### DATA BLOCK
______________________________
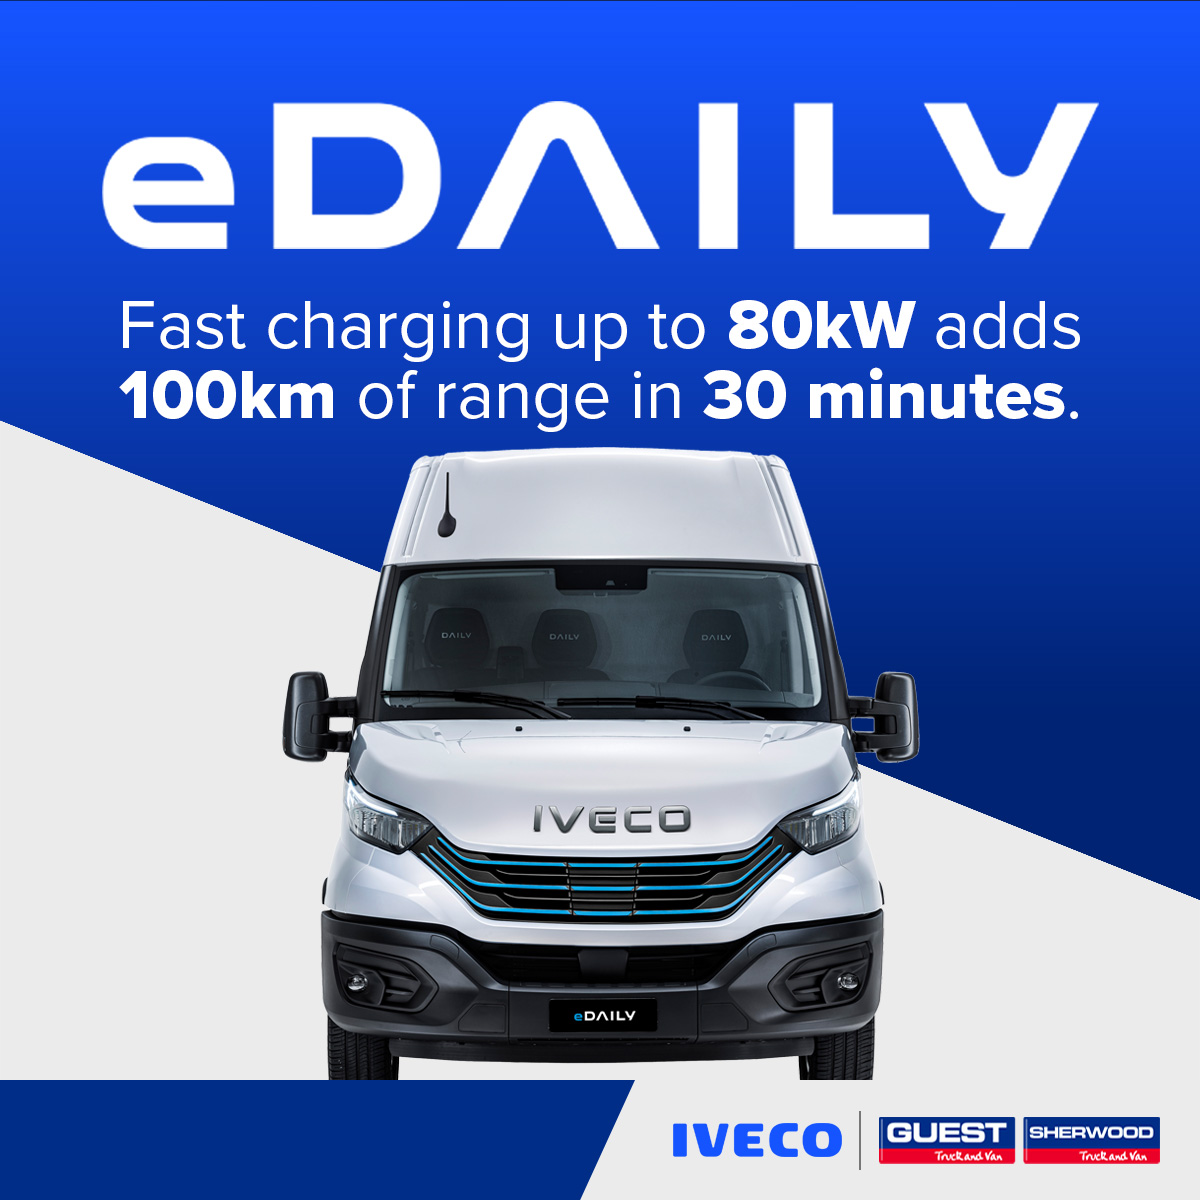 The new Iveco eDaily can charge in 30 minutes with a rapid charger.
Call our sales team on 0121 553 2737 or visit guesttruckandvan.co.uk/new-iveco-edai… to find out more. 

#guest #sherwood #iveco #truck #van #ivecodaily #ivecosway #ivecostralis #ivecoxway #ivecoedaily #electric #evvehicles
______________________________
A verbatim transcript of the material above, with images dropped, is the expected output.

### FINISHED EXERCISE
 The new Iveco eDaily can charge in 30 minutes with a rapid charger.
Call our sales team on 0121 553 2737 or visit guesttruckandvan.co.uk/new-iveco-edai… to find out more. 

#guest #sherwood #iveco #truck #van #ivecodaily #ivecosway #ivecostralis #ivecoxway #ivecoedaily #electric #evvehicles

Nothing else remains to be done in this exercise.